Молча катятся партизаны с насыпи, отползают еще несколько метров среди пней деревьев, которые немцы срубили вдоль железной дороги, боясь партизан, и ложатся за деревьями. На востоке уже начинает светлеть. Гедалья мрачен. Он не может вернуться в отряд, не выполнив задания.

— Останемся здесь и ночью попытаемся еще раз.
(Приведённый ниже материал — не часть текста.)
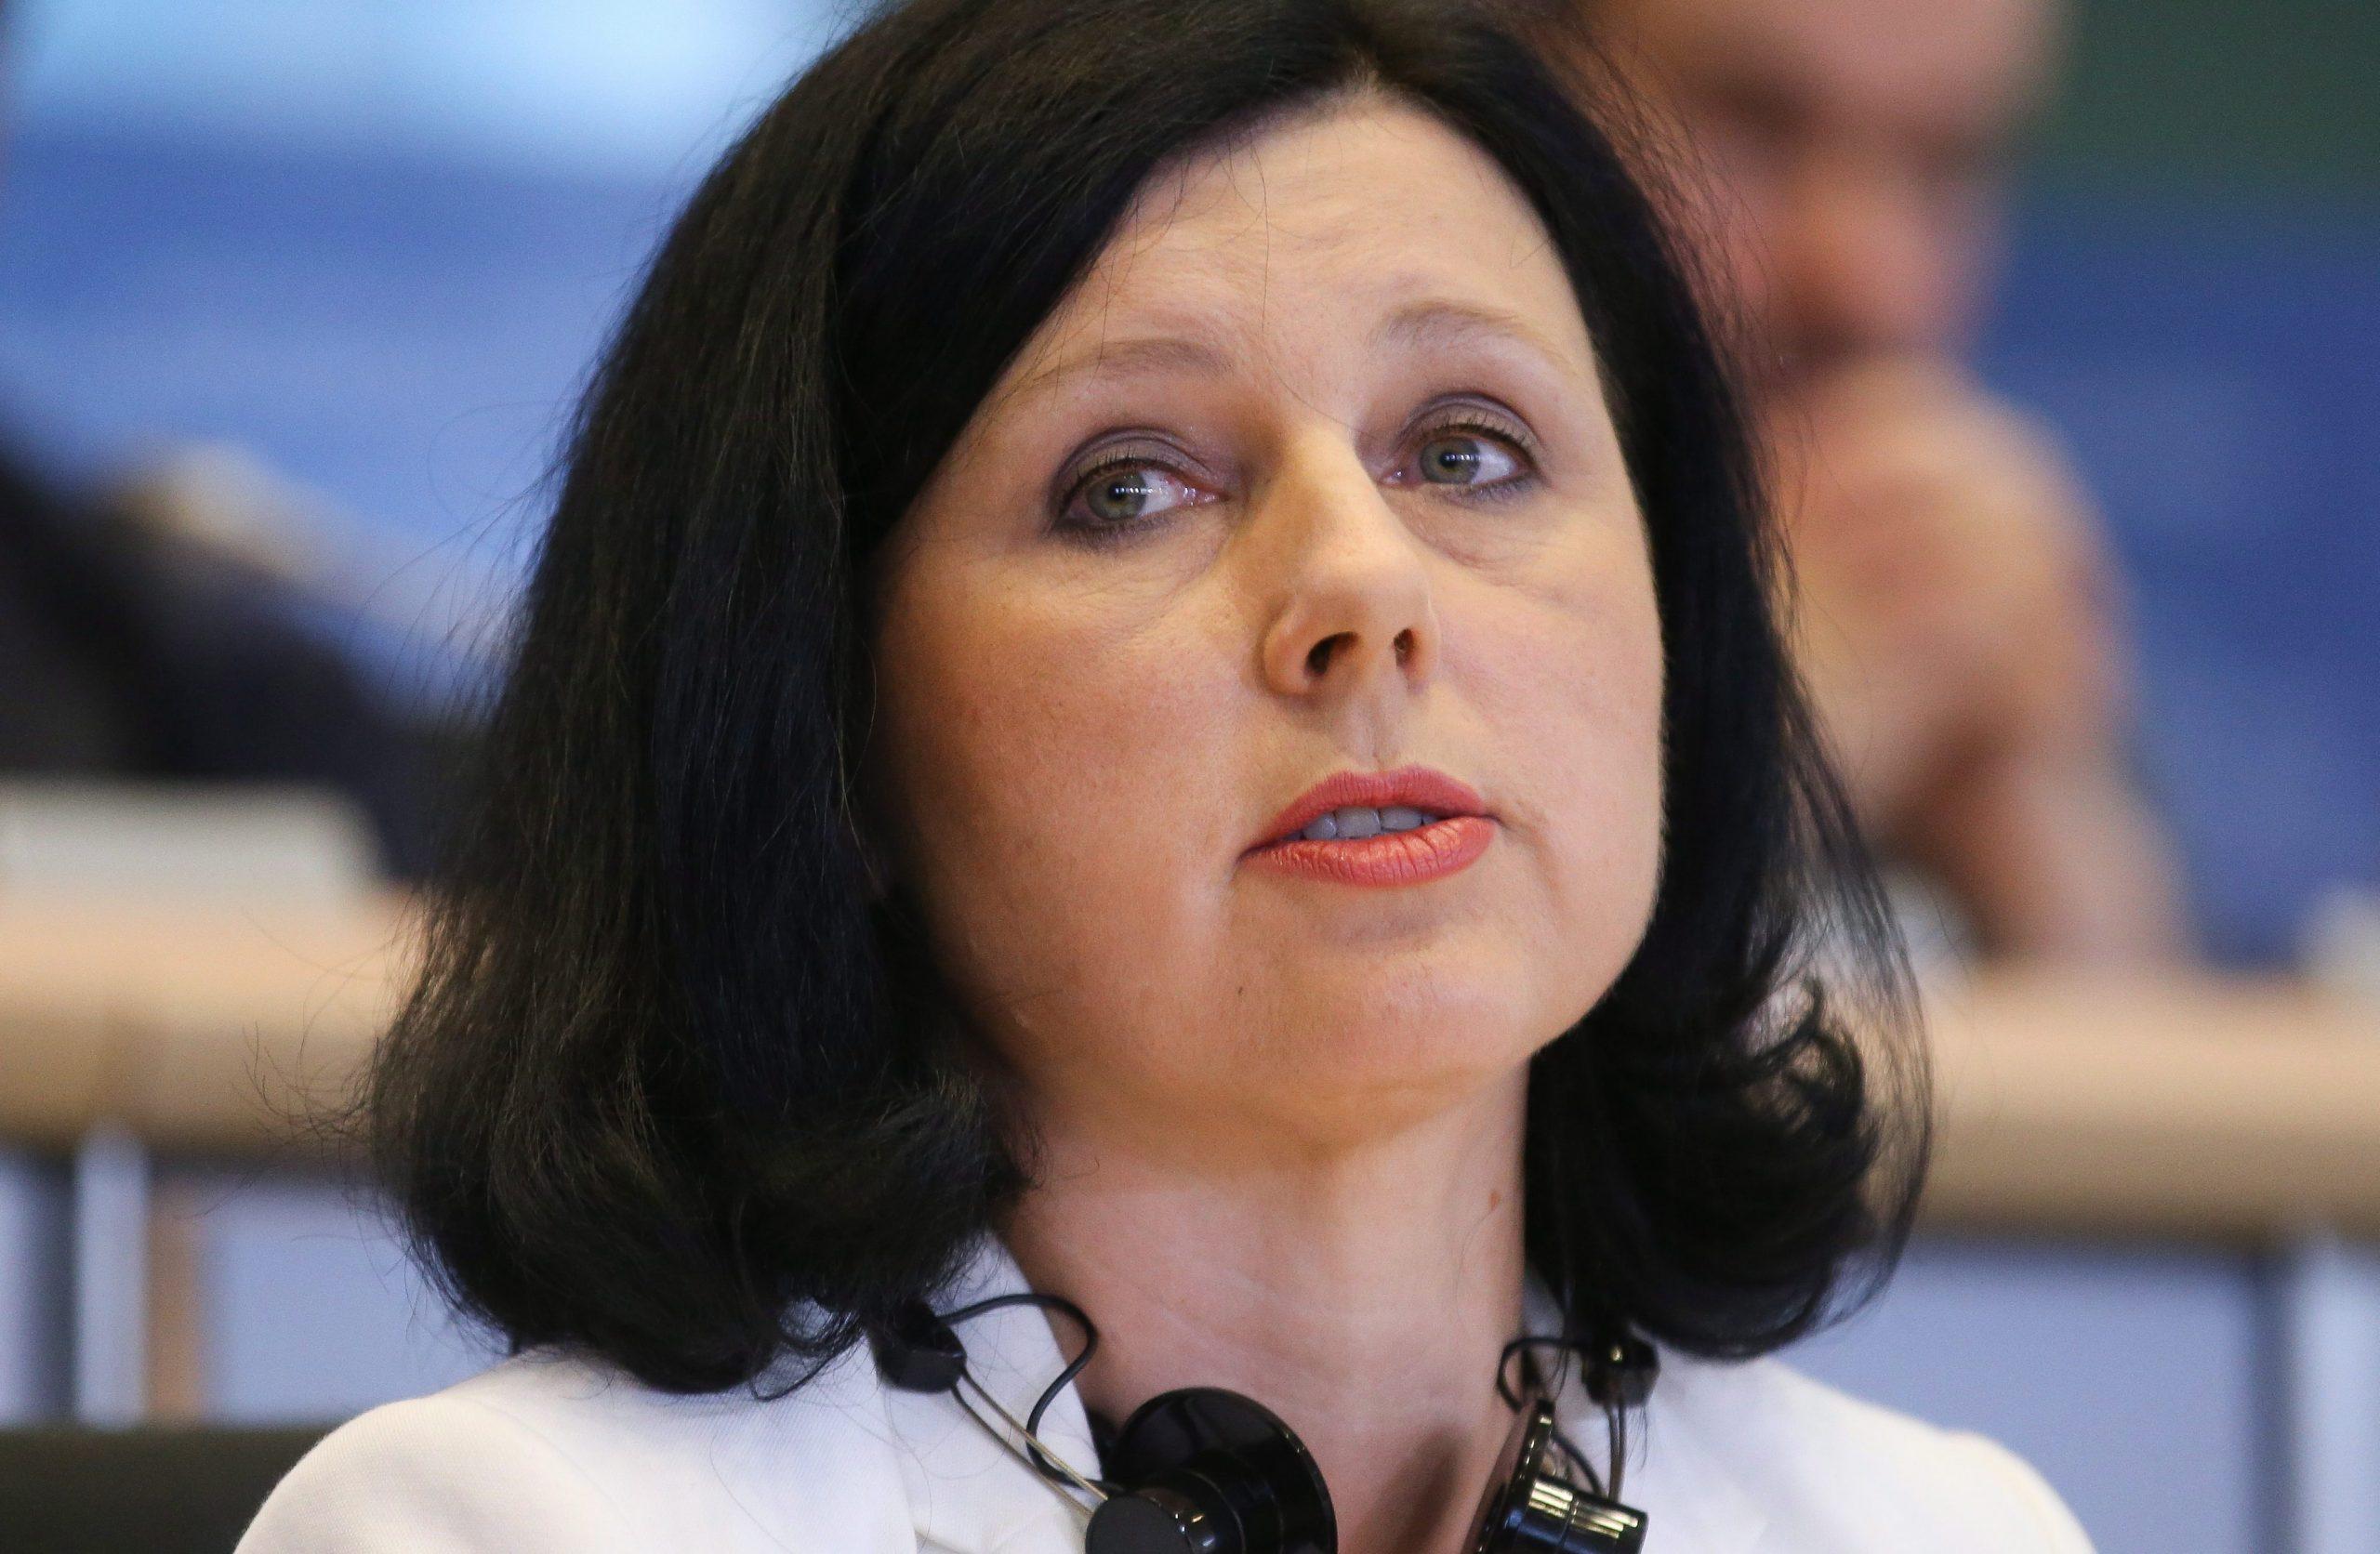 Orbán Demands EC Vice President Jourová's Resignation Over 'Sick Democracy' Comment

Оставаться весь день в этой маленькой рощице опасно. Кругом враждебные деревни, да и гарнизон немецкий стоит неподалеку. Анатолий молчит. Трудно решить: он отвечает за жизнь тринадцати человек. Петька, парень-белорус, которому еще не исполнилось семнадцати лет, второй пулеметчик в группе, молча смотрит на проклятый мост. Потом взглядывает на Ваську и ругается:

— Чертова дюжина вместе с тобой, как раз тринадцать… Чего ты к нам прицепился? Все из-за тебя…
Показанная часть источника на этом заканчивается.